* [WHAT IS NEEDED]: Transcribe word for word the section of the records below that opens with the line containing "Vietnix - Nhà" and closes with the line containing "Ranking de Portales"; drop every picture.

* [RECORDED DATA]:
>>>>>
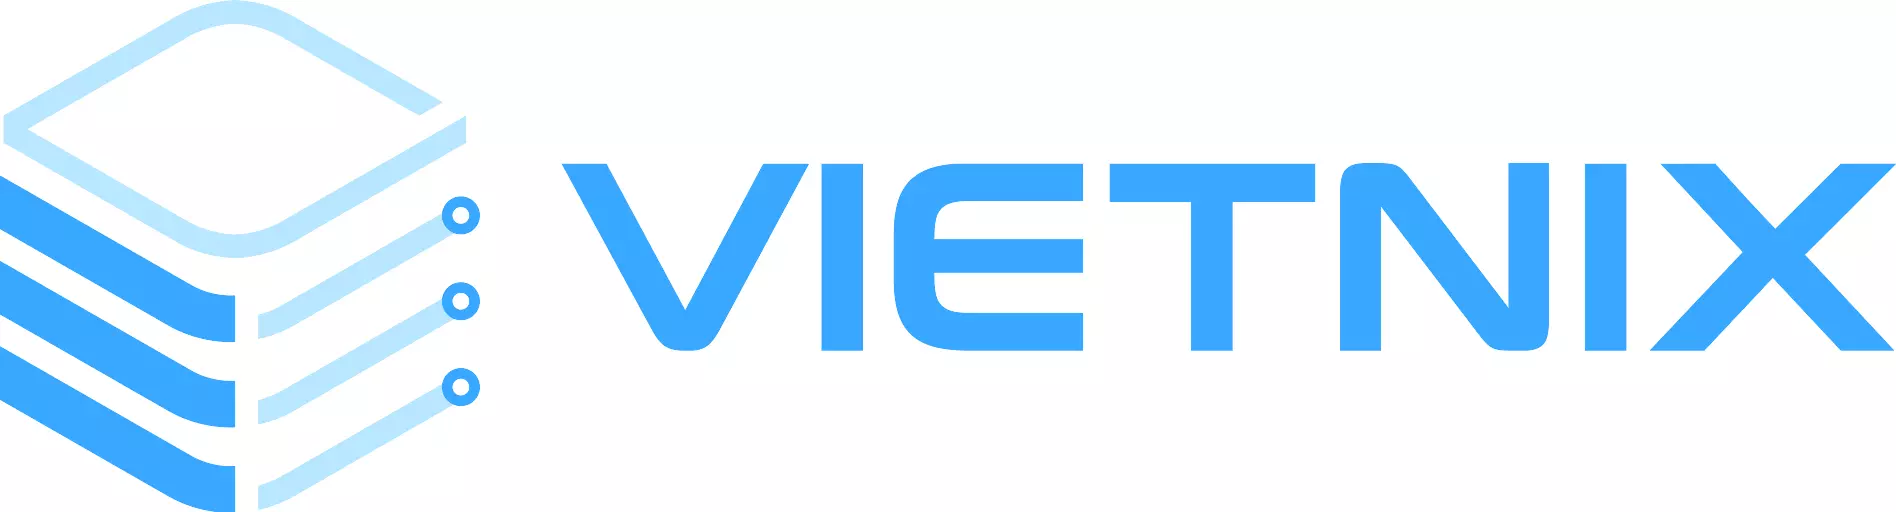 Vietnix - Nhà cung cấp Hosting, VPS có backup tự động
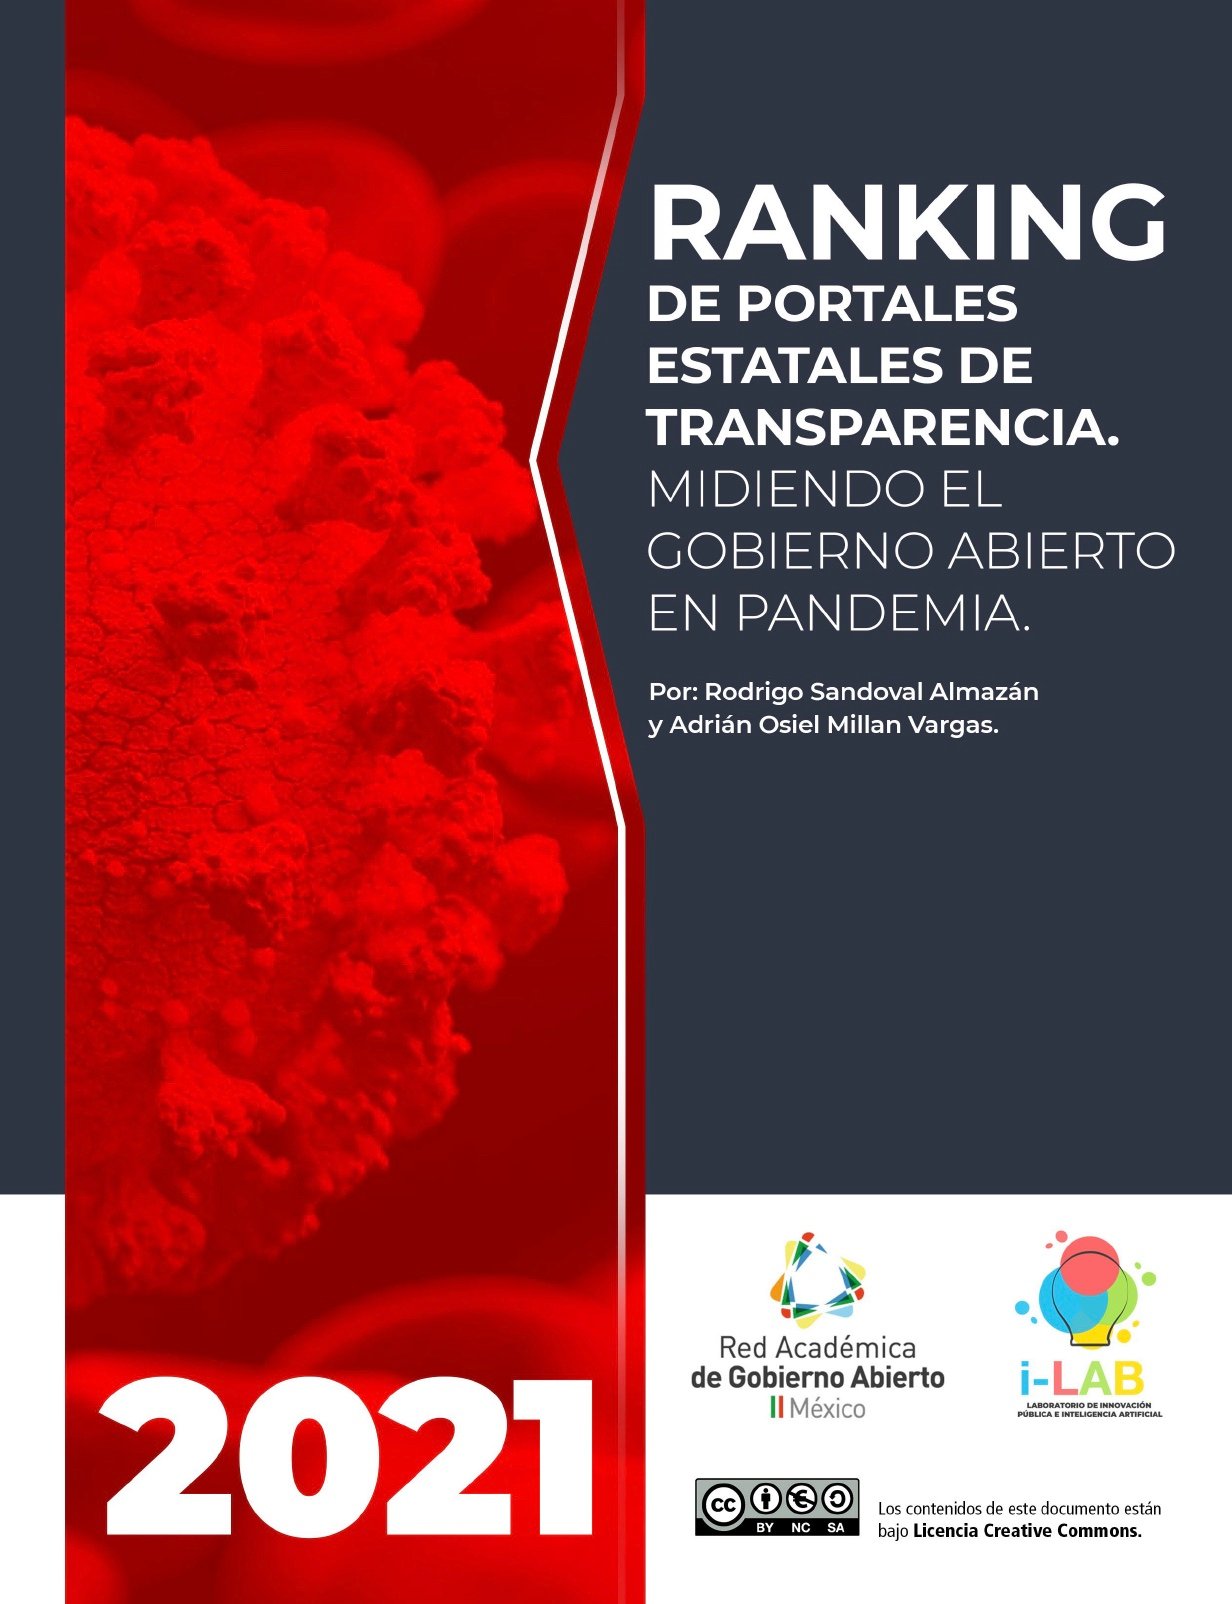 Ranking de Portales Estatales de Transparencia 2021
<<<<<
>>>>>
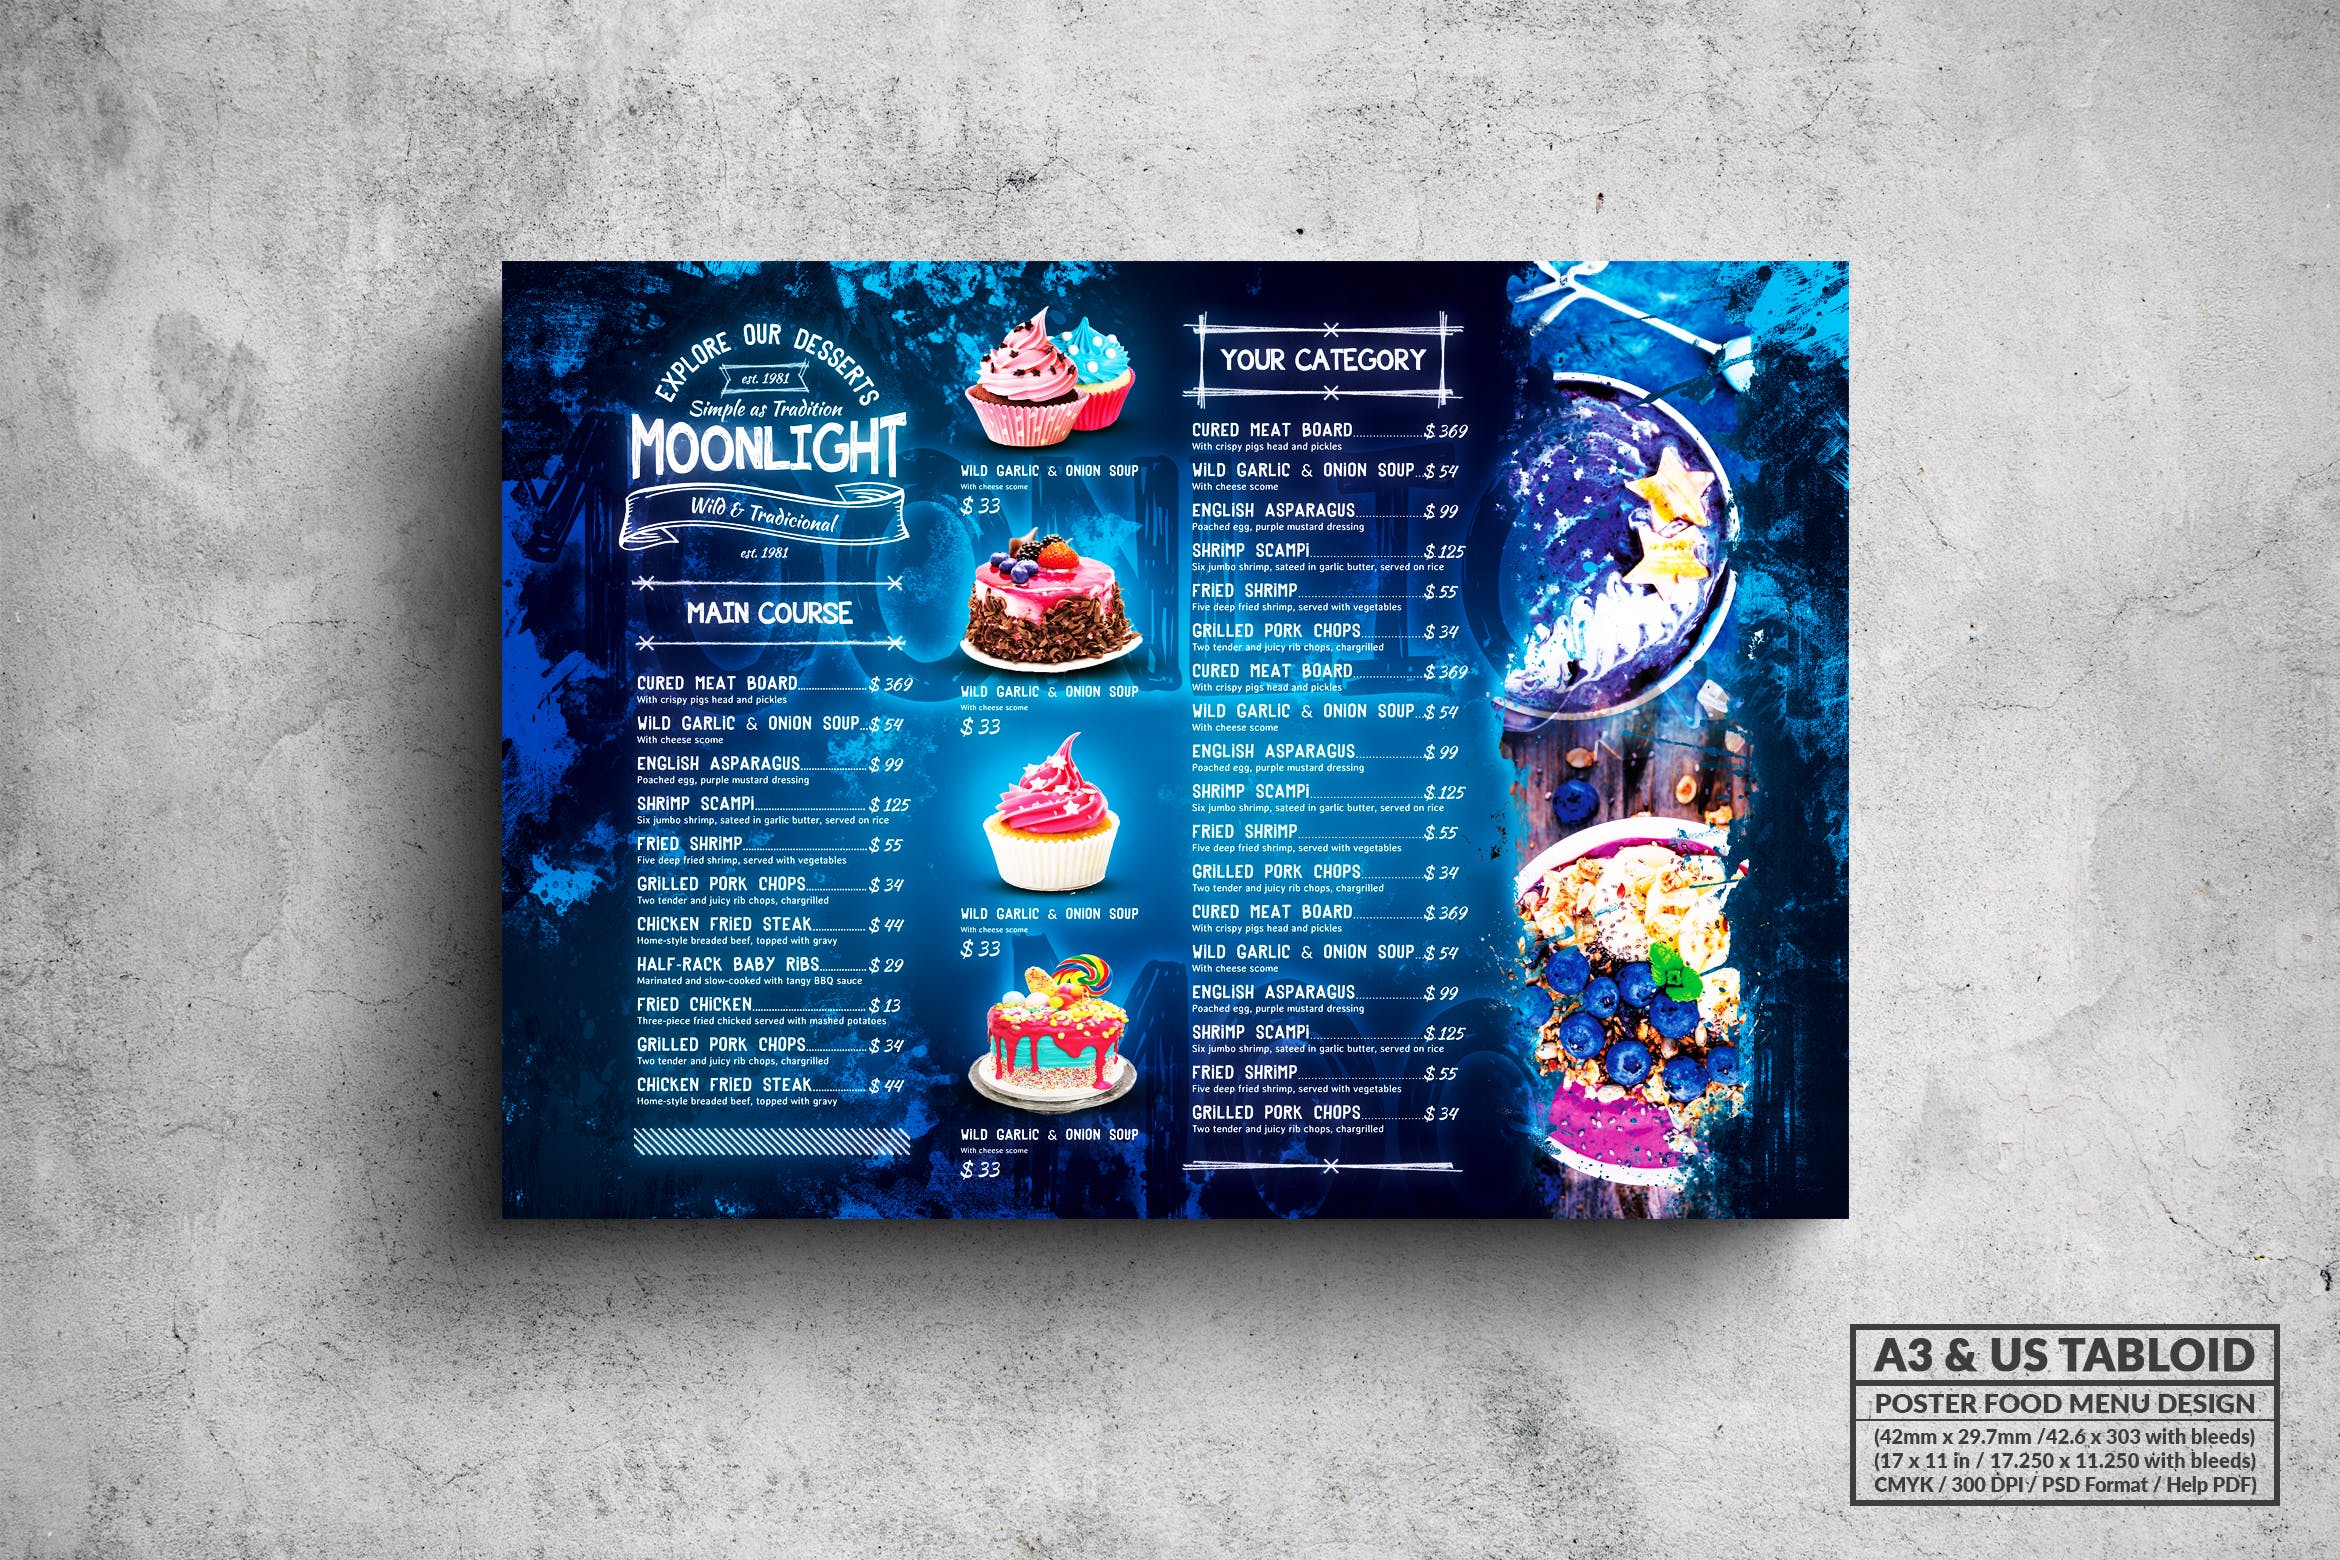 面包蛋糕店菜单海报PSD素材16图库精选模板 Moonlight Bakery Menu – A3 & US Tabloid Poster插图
<<<<<
* [WRITTEN SOLUTION]:
 Vietnix - Nhà cung cấp Hosting, VPS có backup tự động
 Ranking de Portales Estatales de Transparencia 2021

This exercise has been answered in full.